**Work to be completed:** Return all the data below as it stands, minus the pictures.

The data Block Start

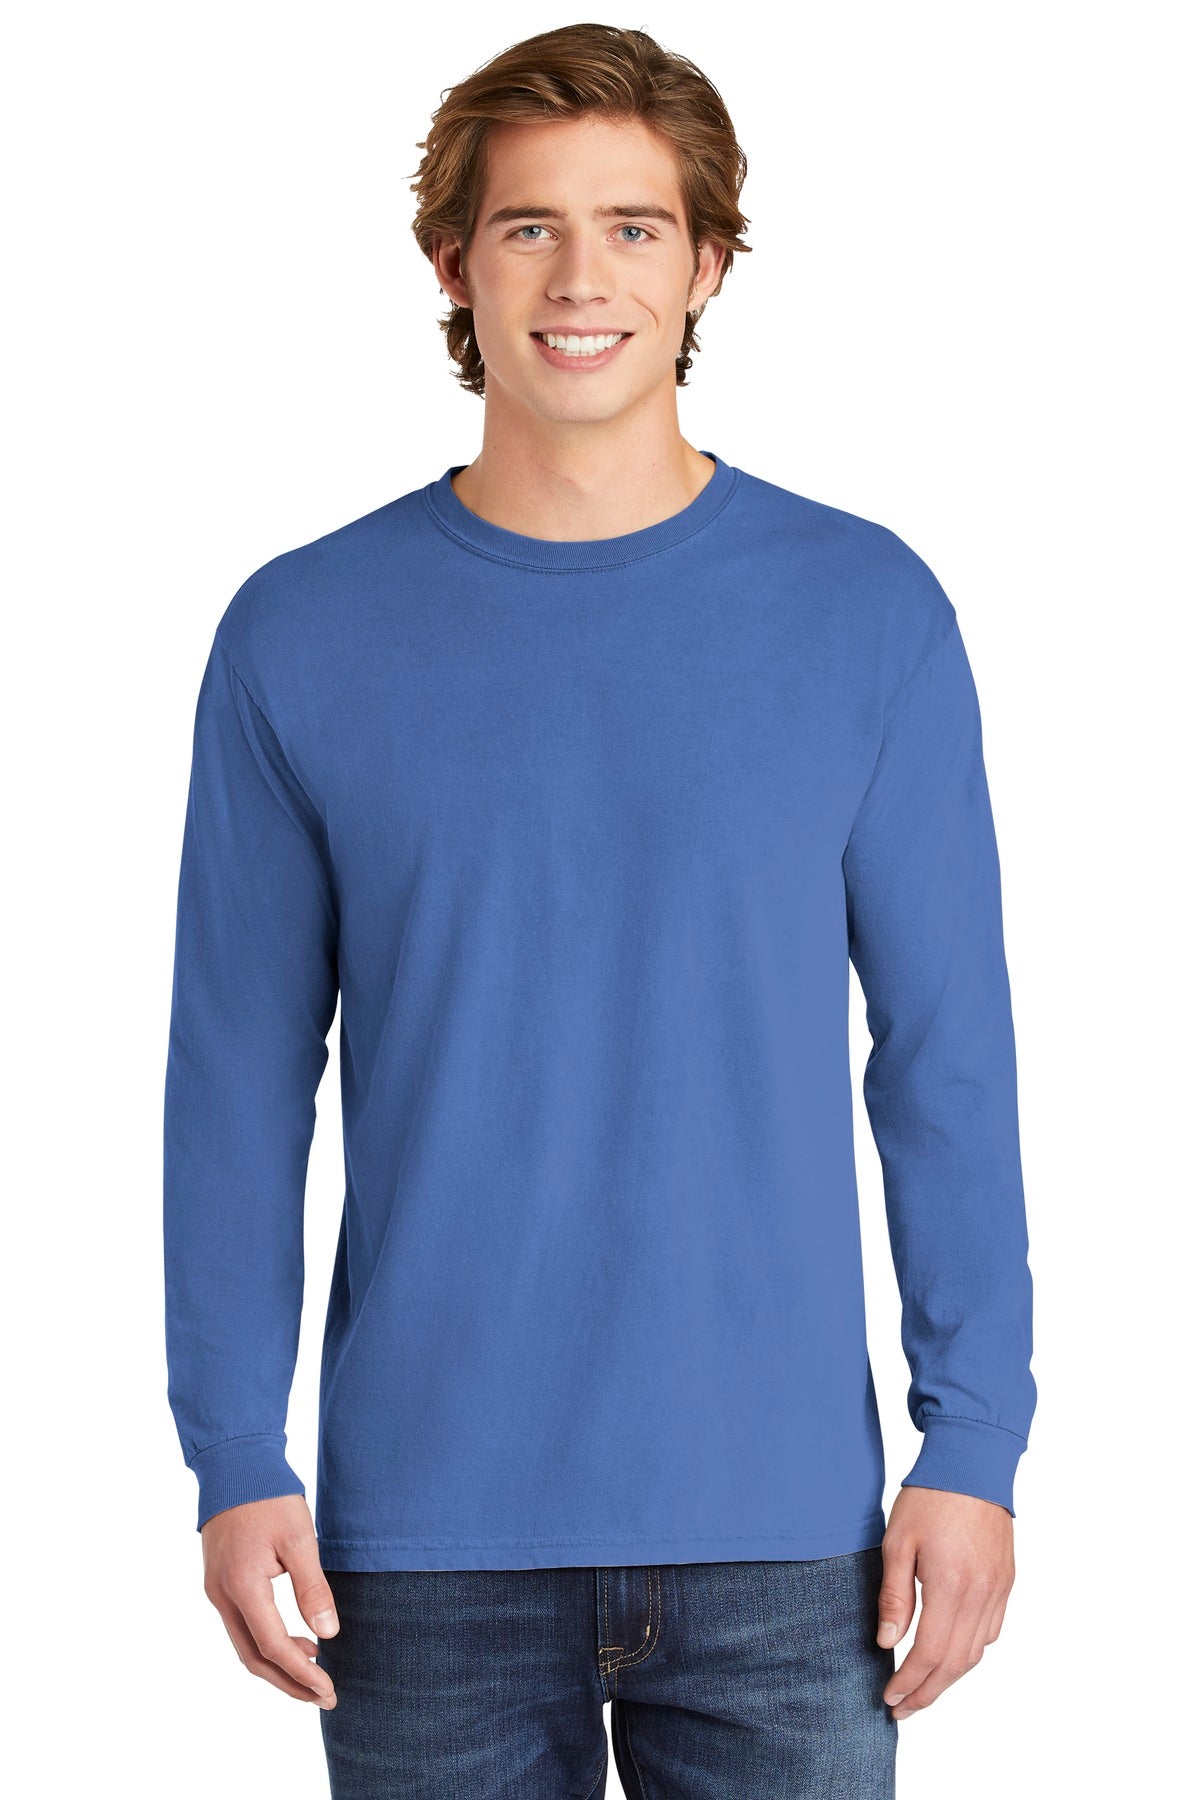 T-Shirts Flo Blue Comfort Colors
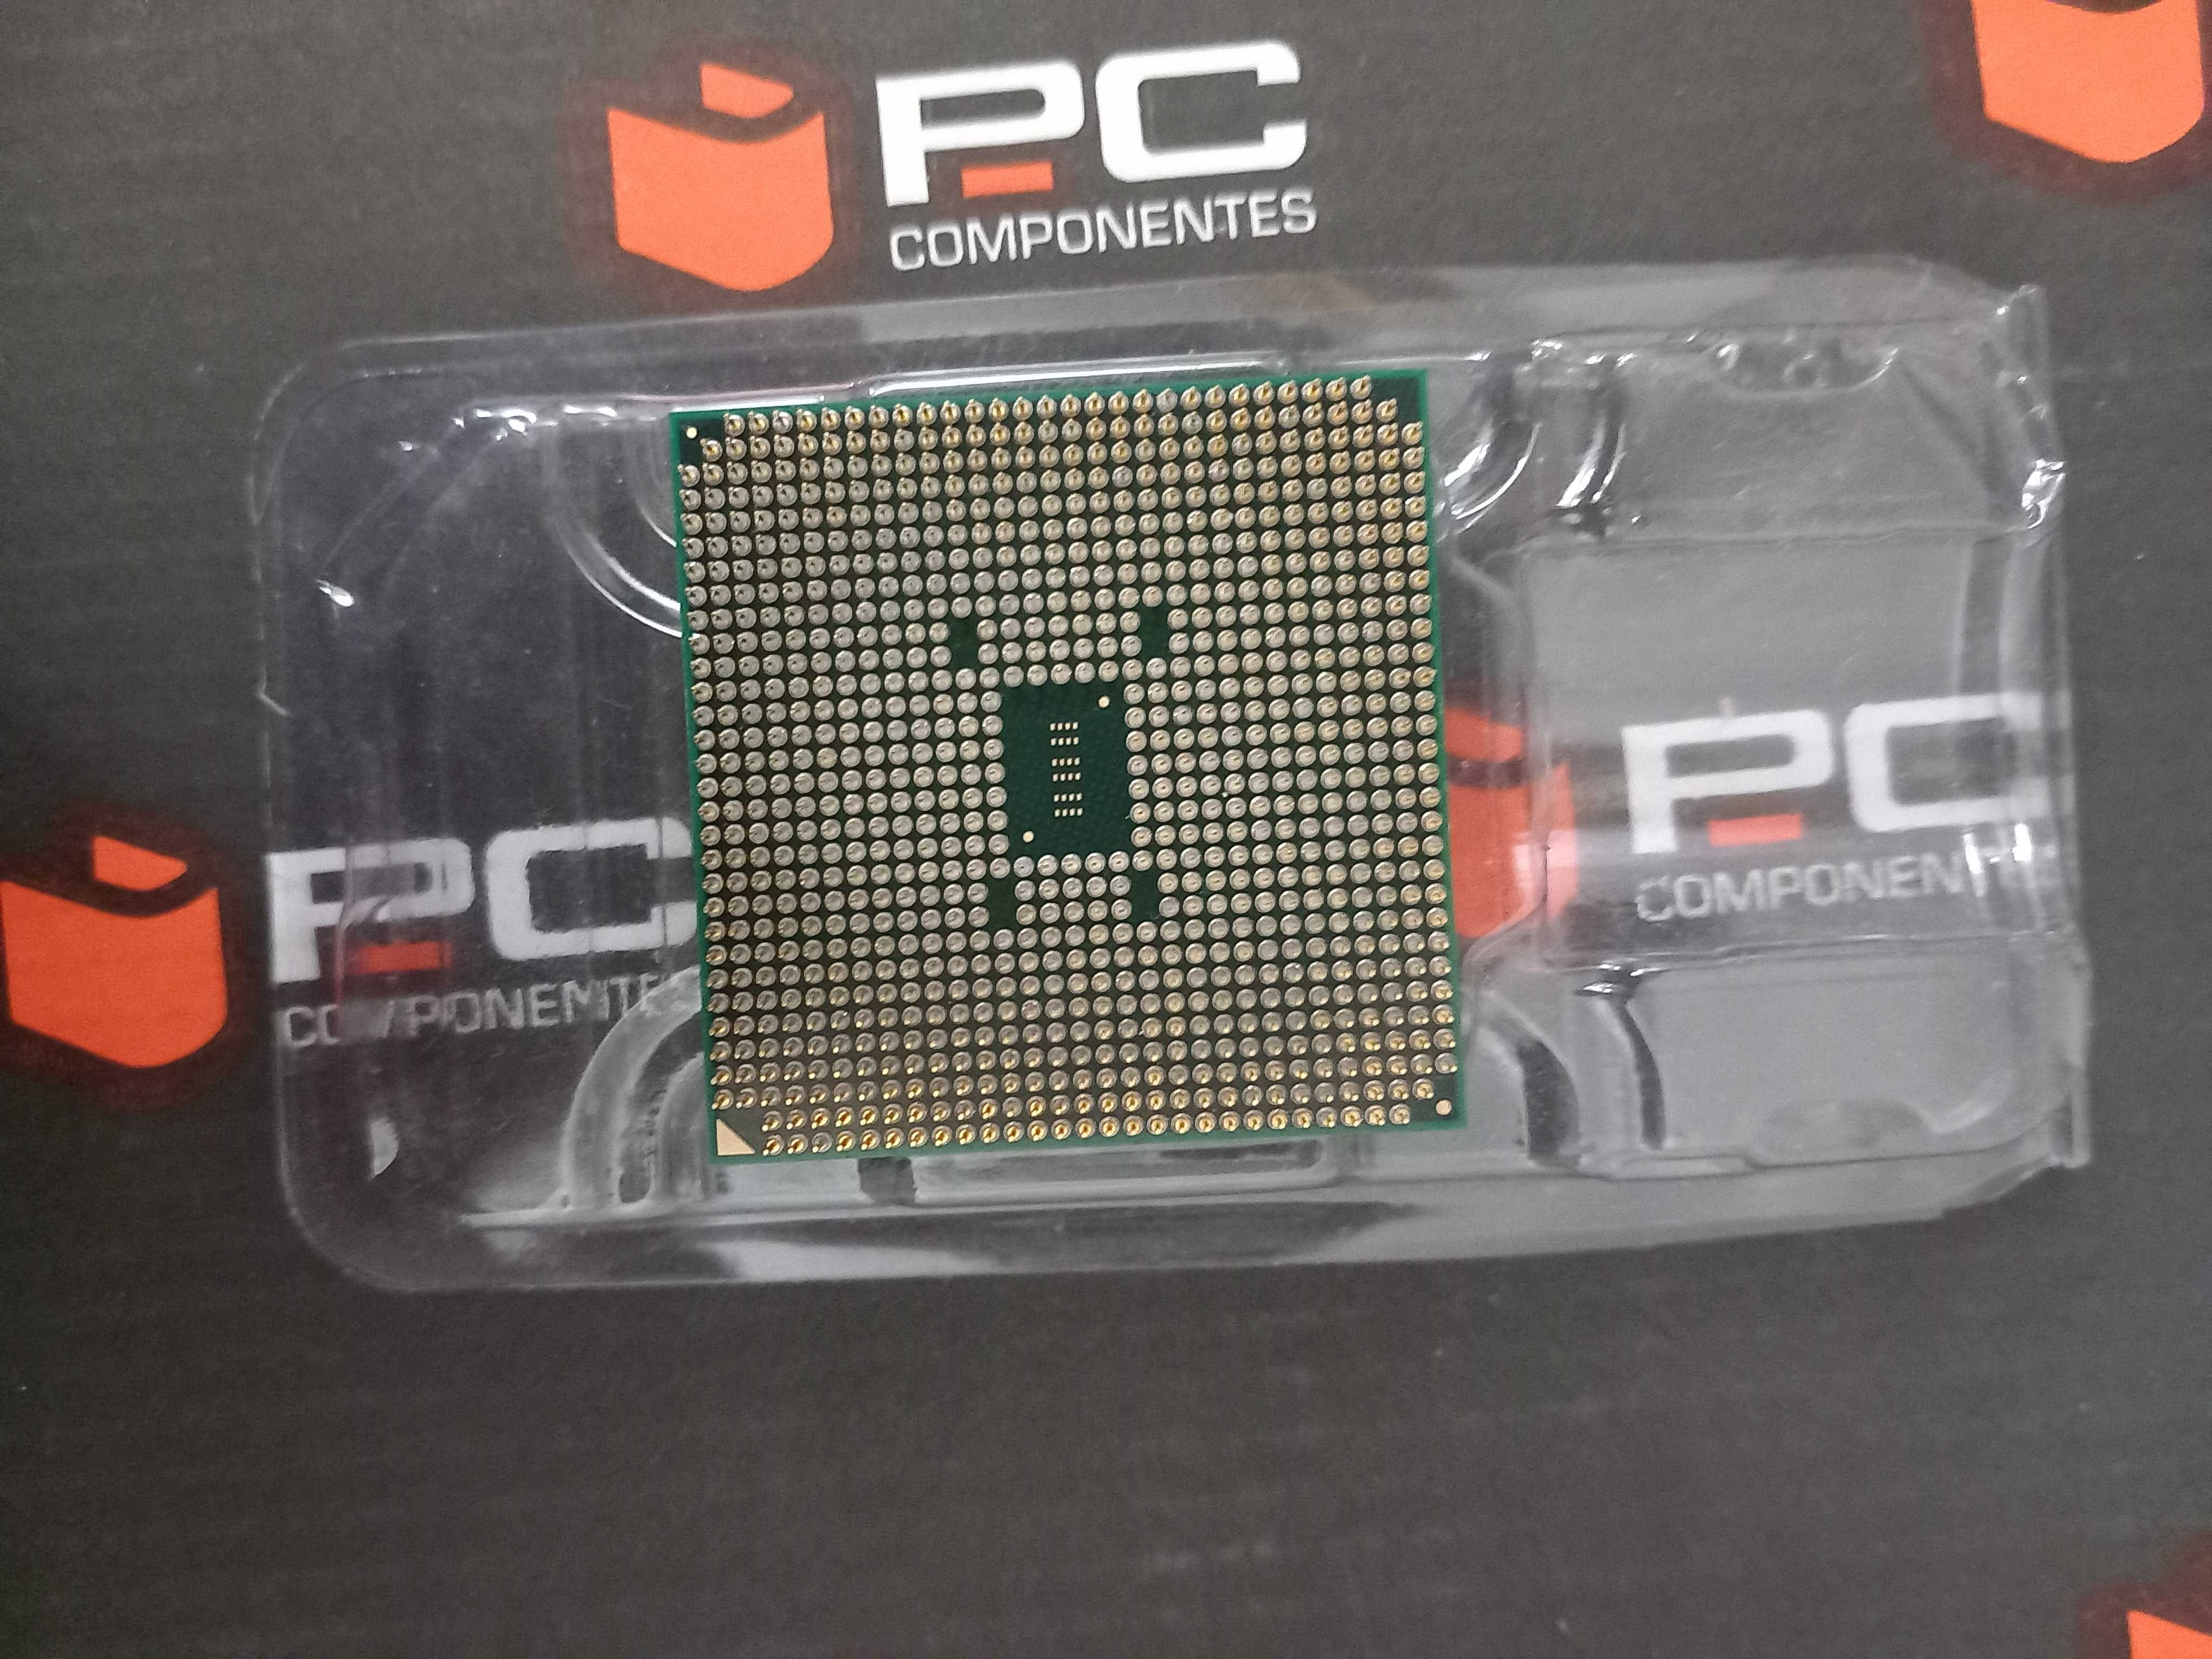 AMD A4 - 3300 APU
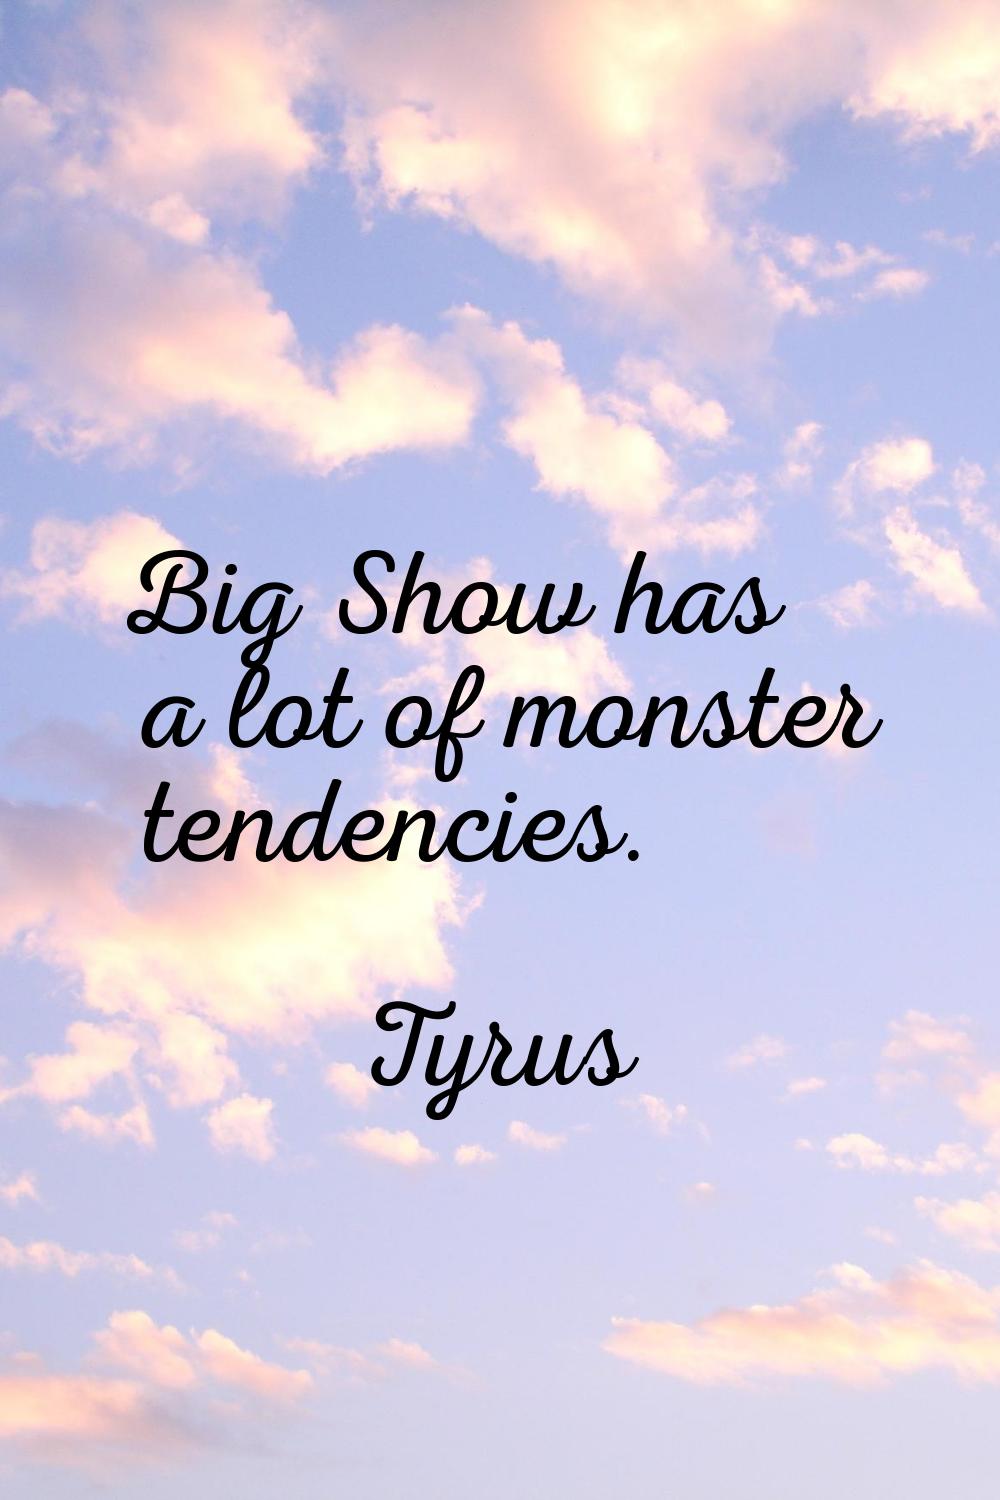 Big Show has a lot of monster tendencies.
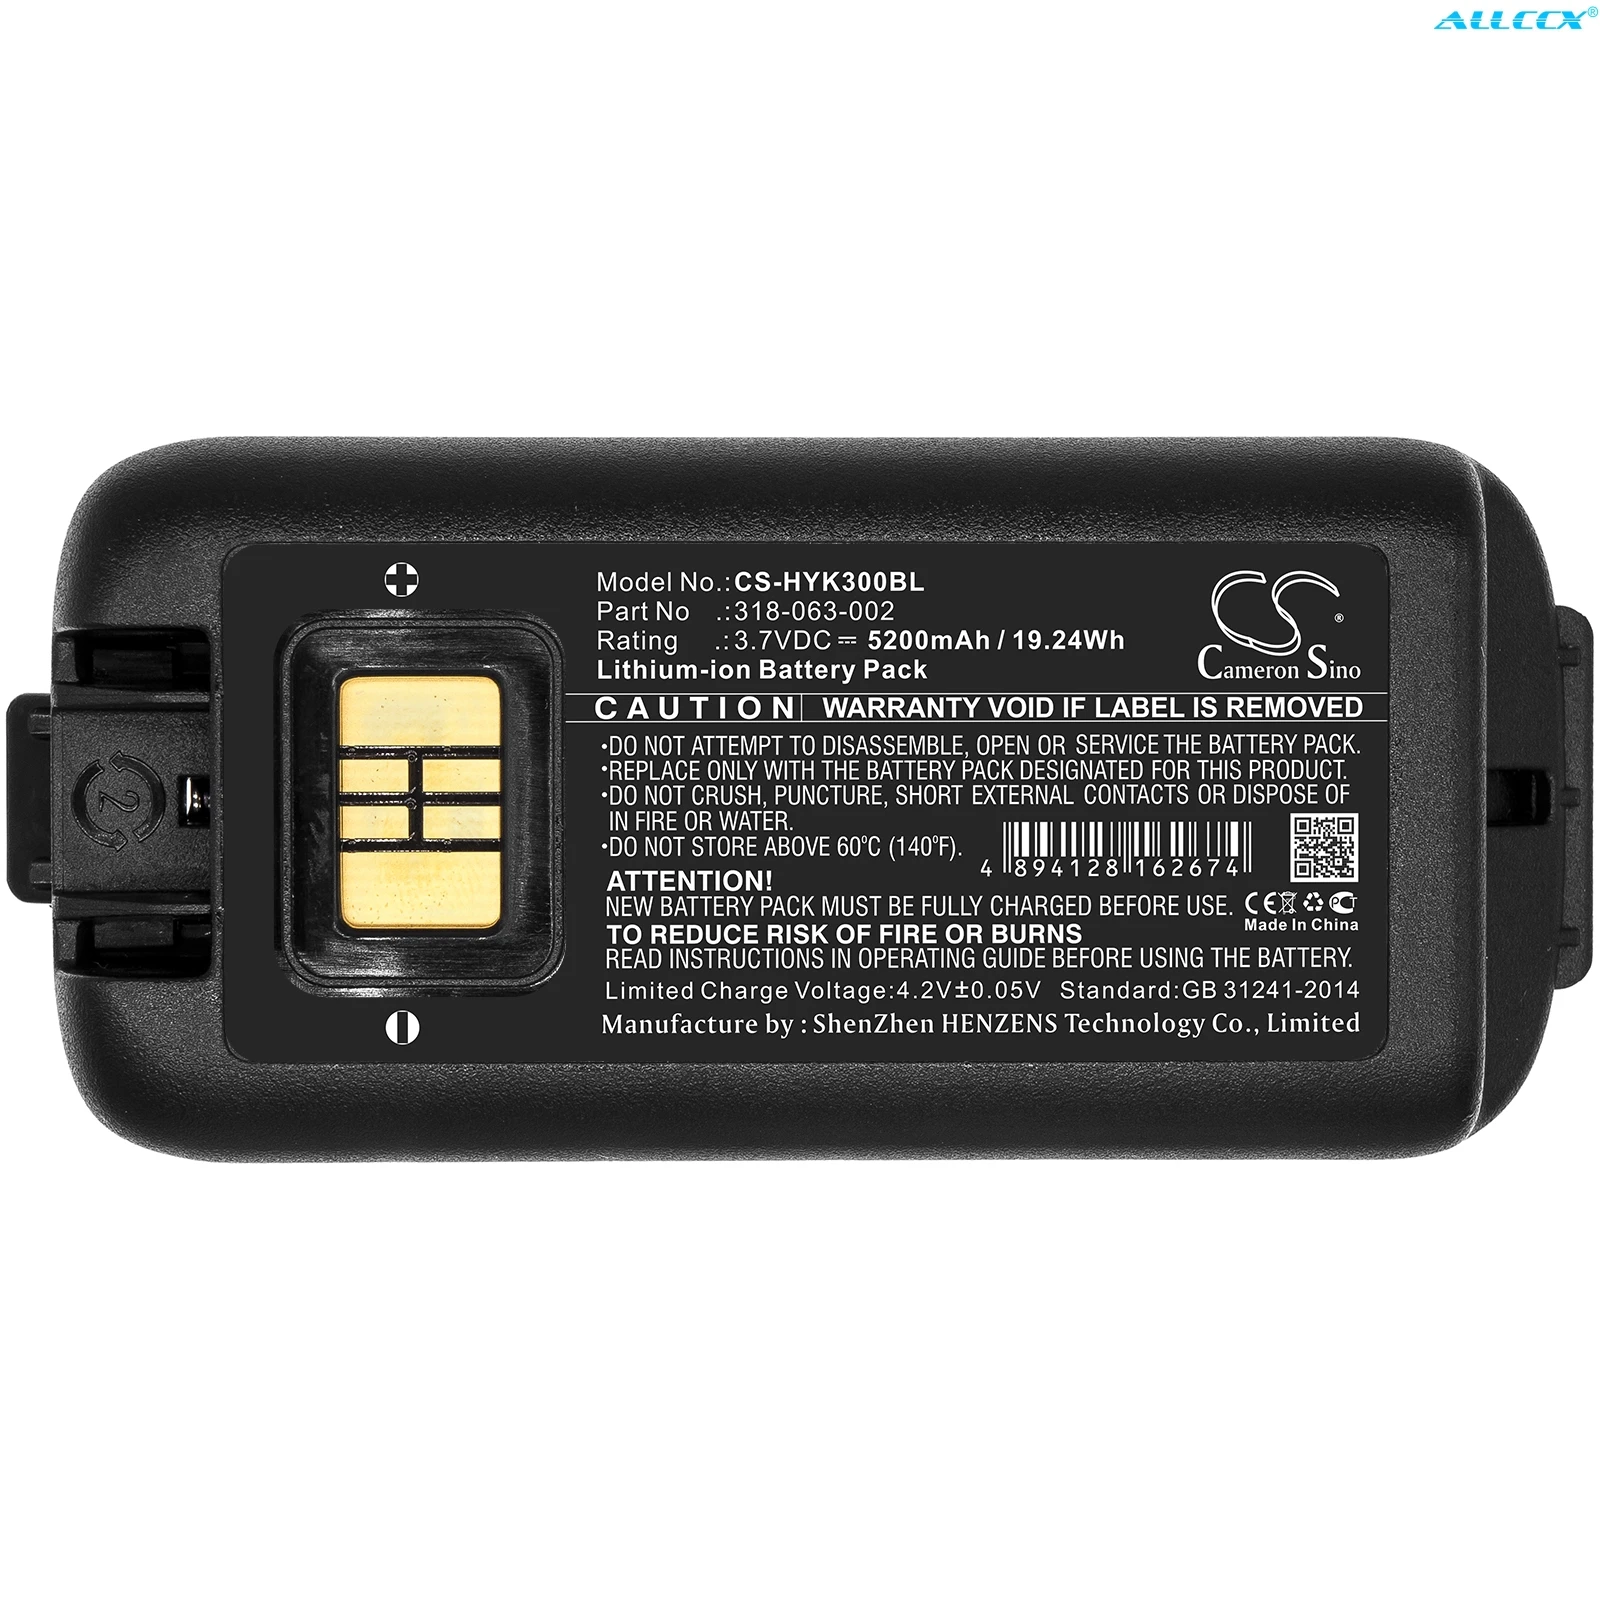 

Cameron Sino 5200mAh Barcode Scanner Battery for Honeywell CK3,CK3X,CK3XR,CK65, CK75, CK71, CK3B, For Dolphin CK65

The data Block End

**Problem solution:**
 T-Shirts Flo Blue Comfort Colors
 AMD A4 - 3300 APU
 Big Show has a lot of monster tendencies.

Cameron Sino 5200mAh Barcode Scanner Battery for Honeywell CK3,CK3X,CK3XR,CK65, CK75, CK71, CK3B, For Dolphin CK65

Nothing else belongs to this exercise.